#### Dataset section:
####

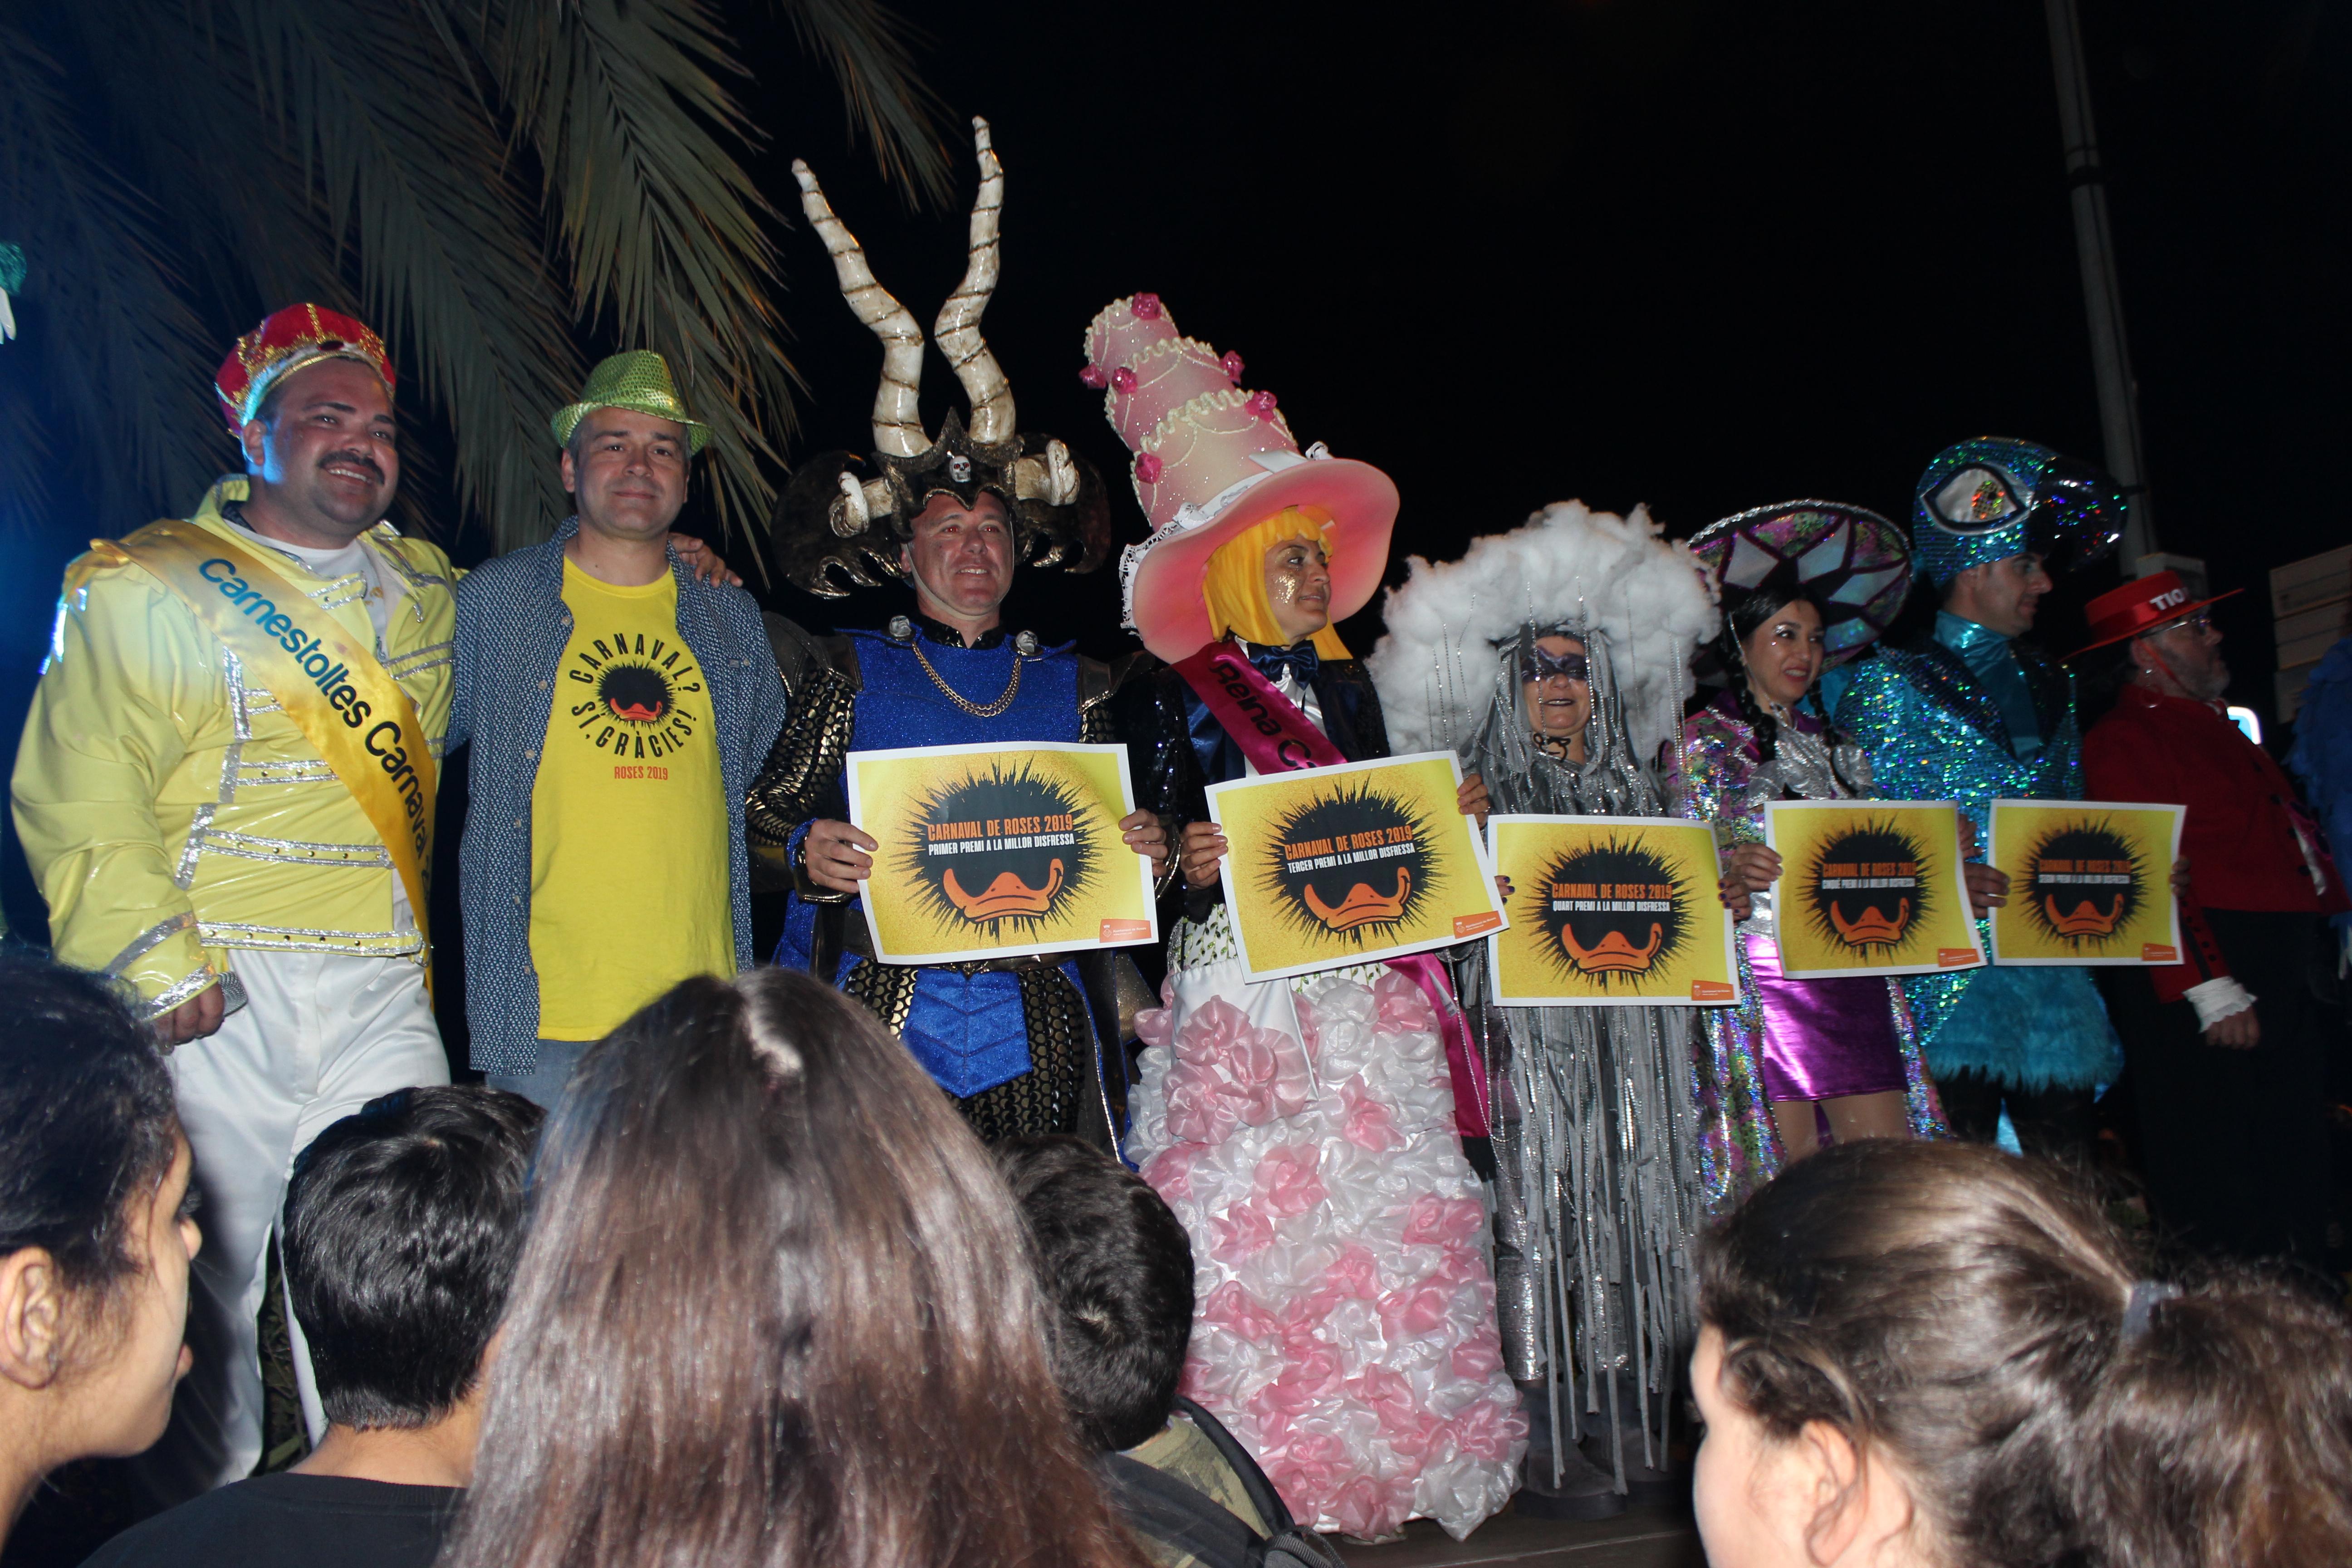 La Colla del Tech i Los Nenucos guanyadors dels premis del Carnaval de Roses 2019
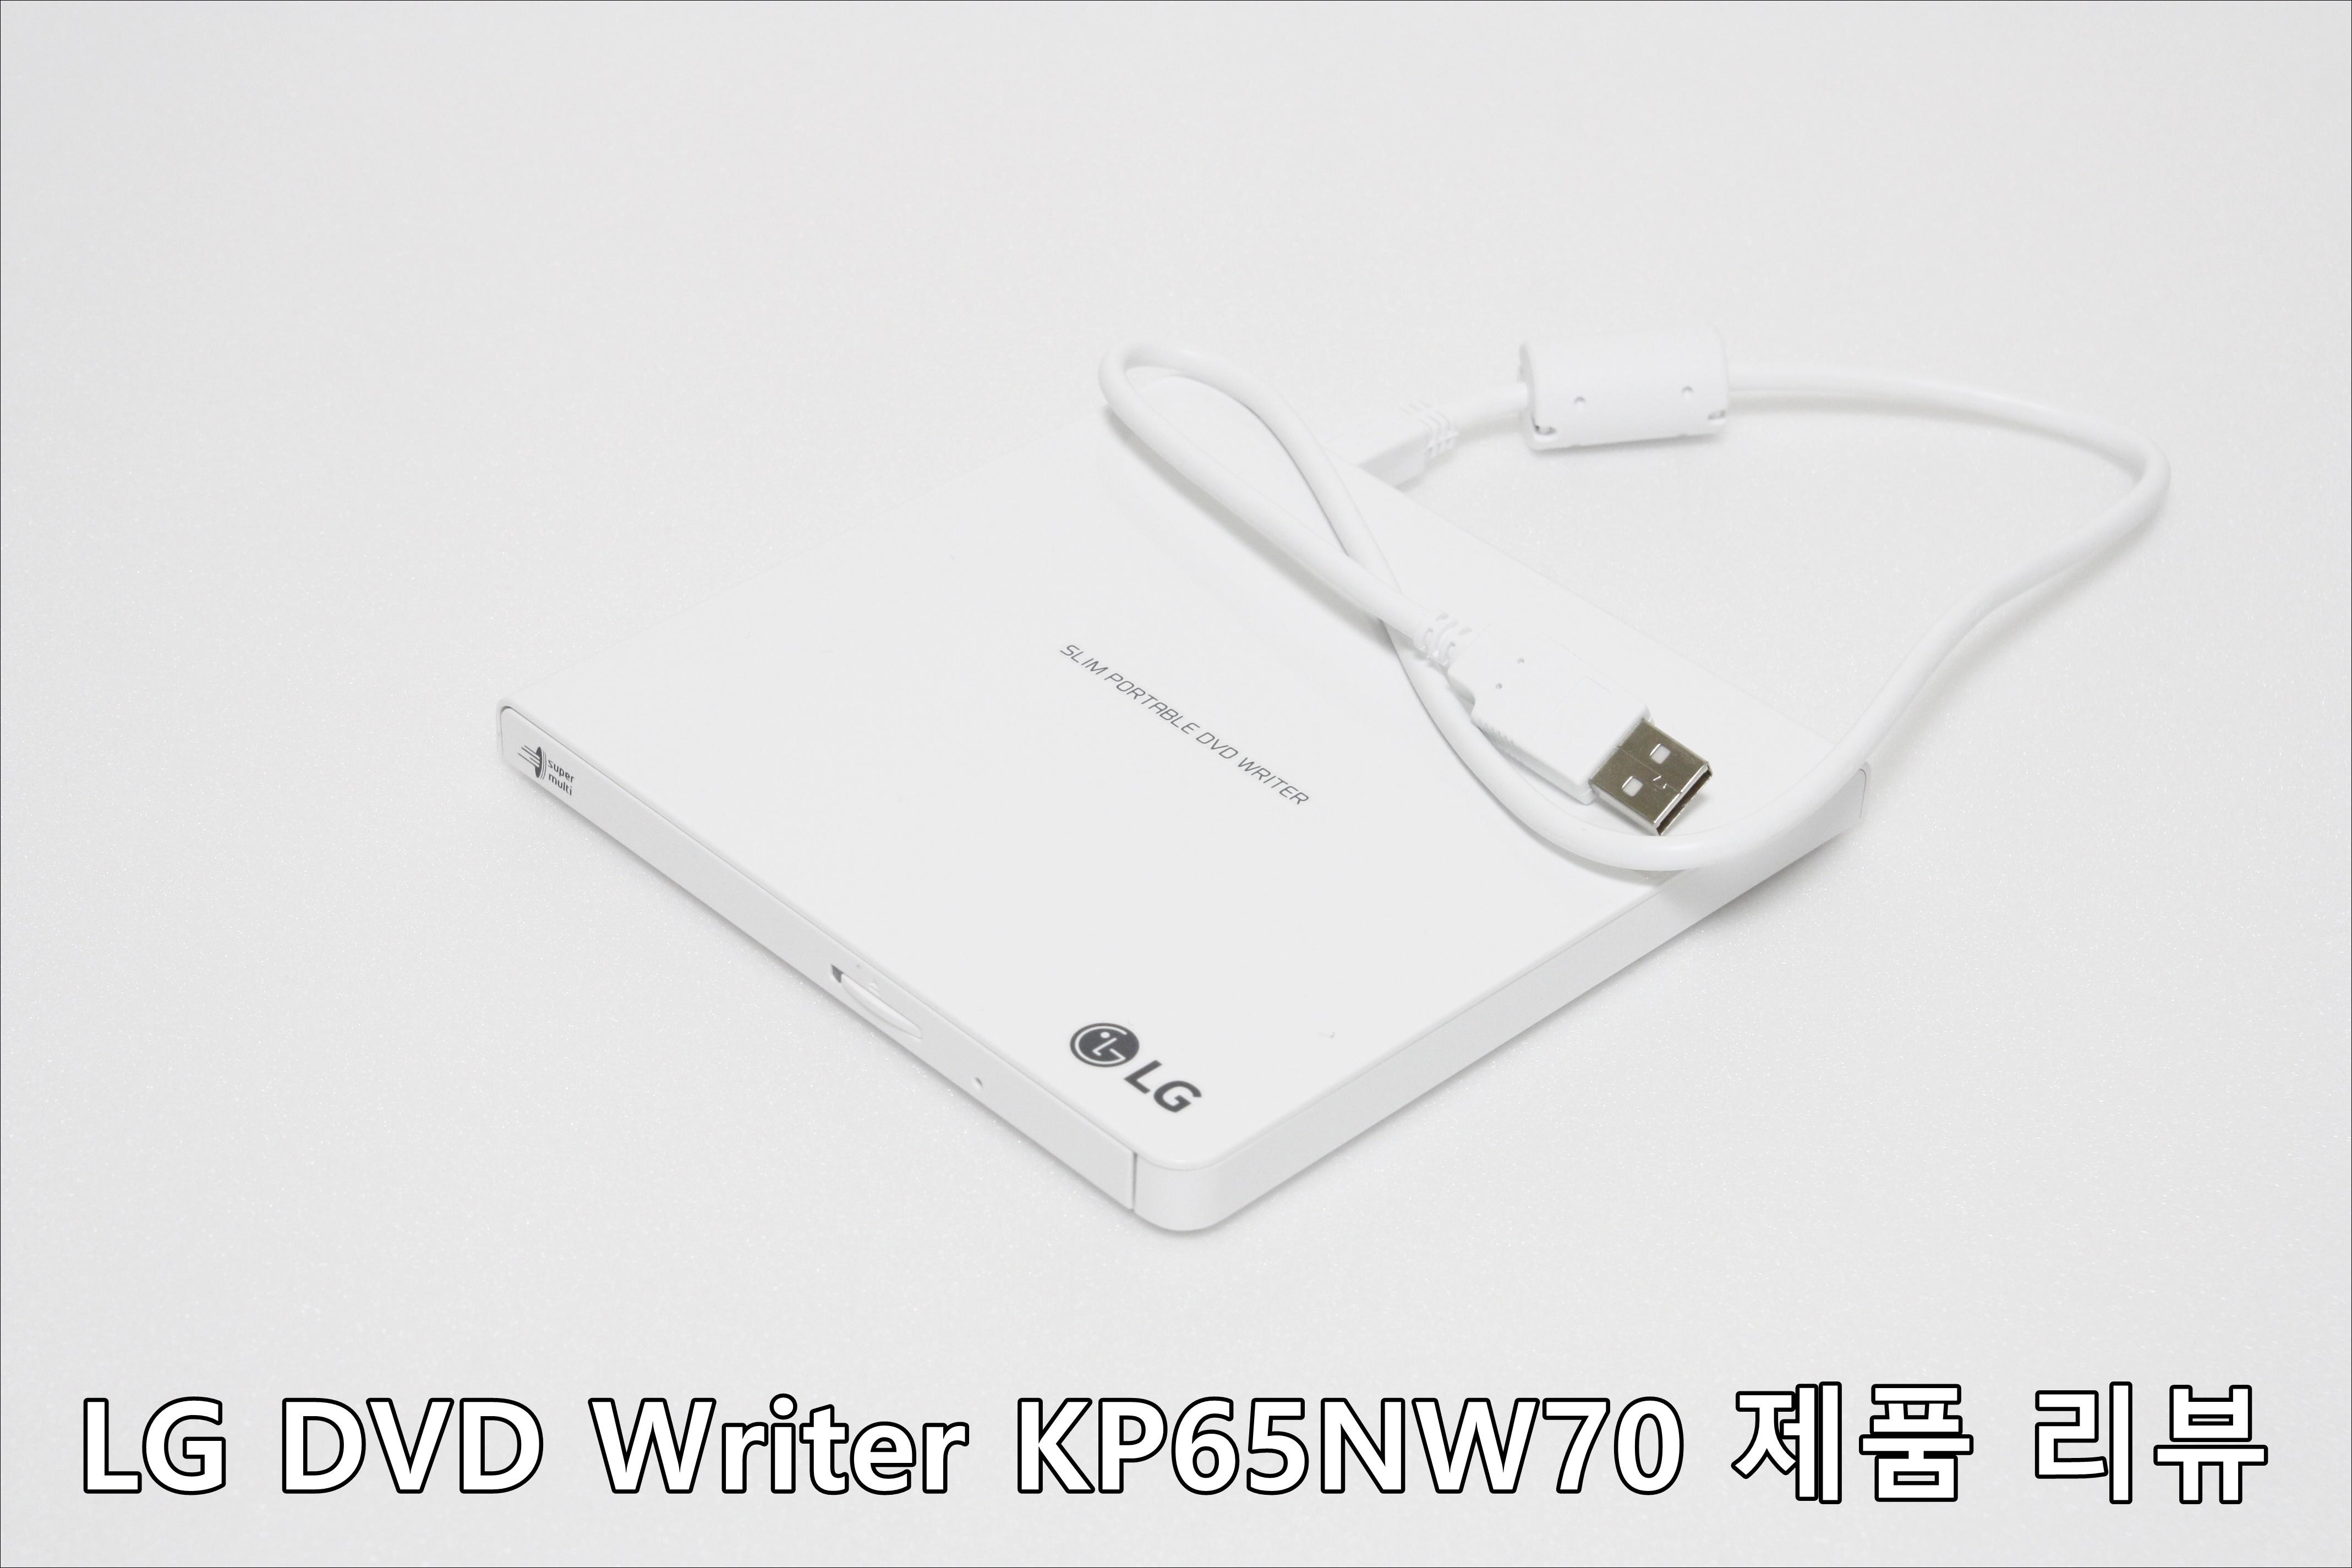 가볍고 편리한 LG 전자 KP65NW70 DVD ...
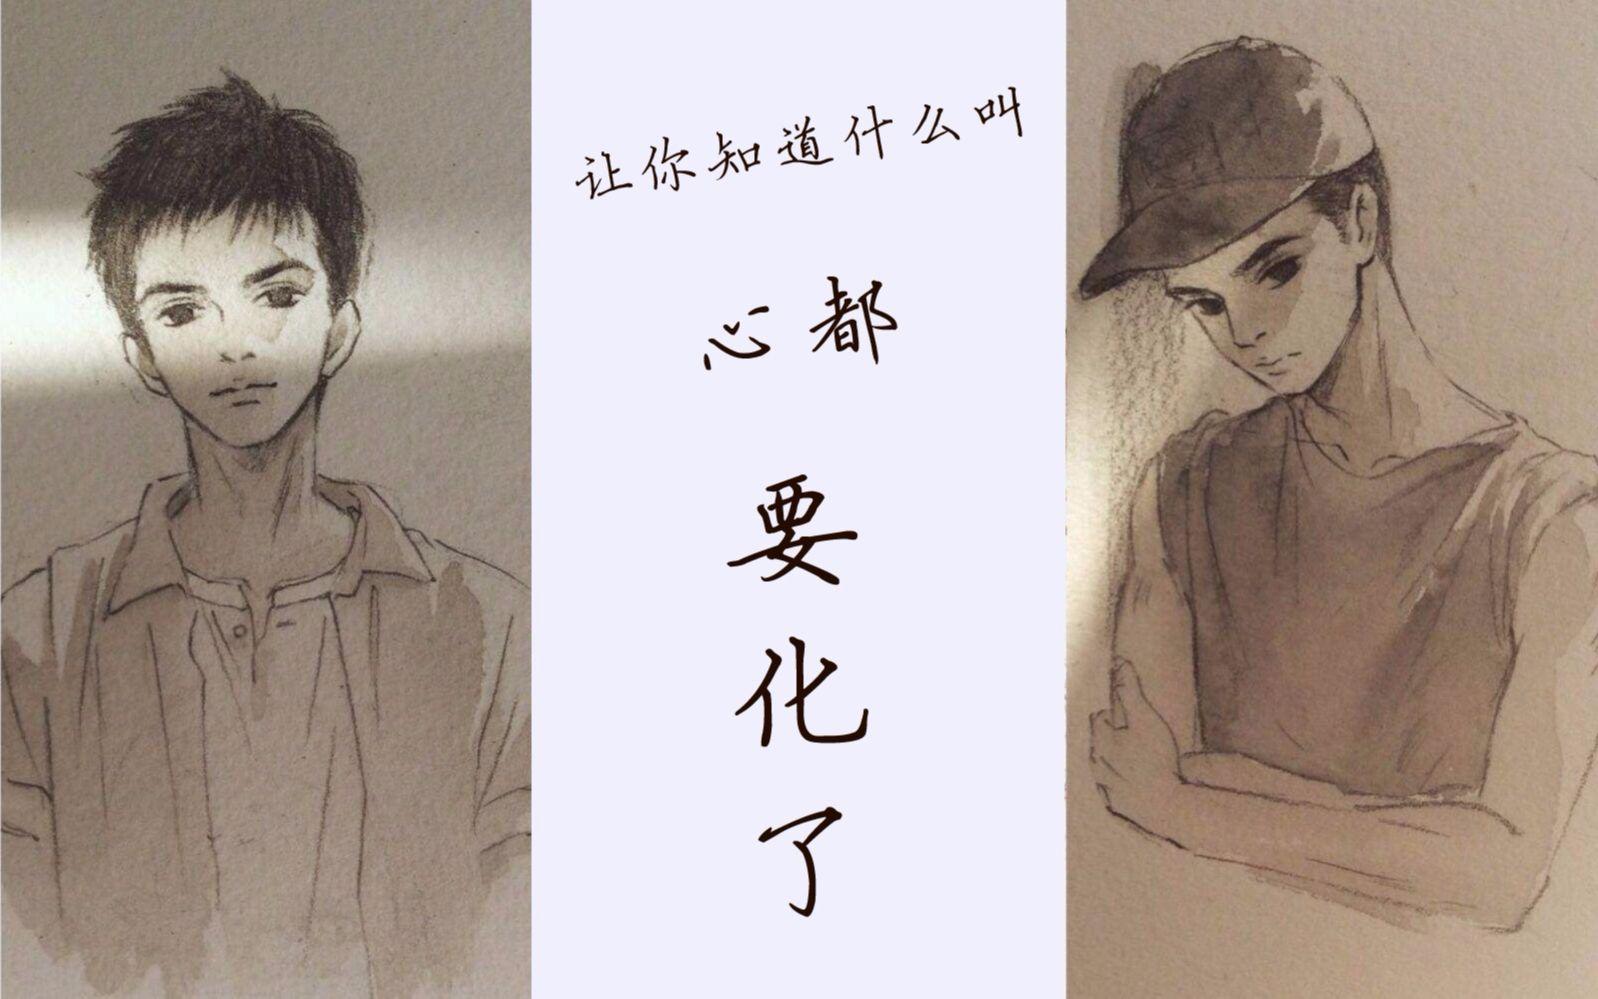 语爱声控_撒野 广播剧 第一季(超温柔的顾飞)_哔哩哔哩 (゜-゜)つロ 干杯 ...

####

#### Brief:
Print the full listing exactly, dropping the pictures.

#### Task answer:
 La Colla del Tech i Los Nenucos guanyadors dels premis del Carnaval de Roses 2019
 가볍고 편리한 LG 전자 KP65NW70 DVD ...
 语爱声控_撒野 广播剧 第一季(超温柔的顾飞)_哔哩哔哩 (゜-゜)つロ 干杯 ...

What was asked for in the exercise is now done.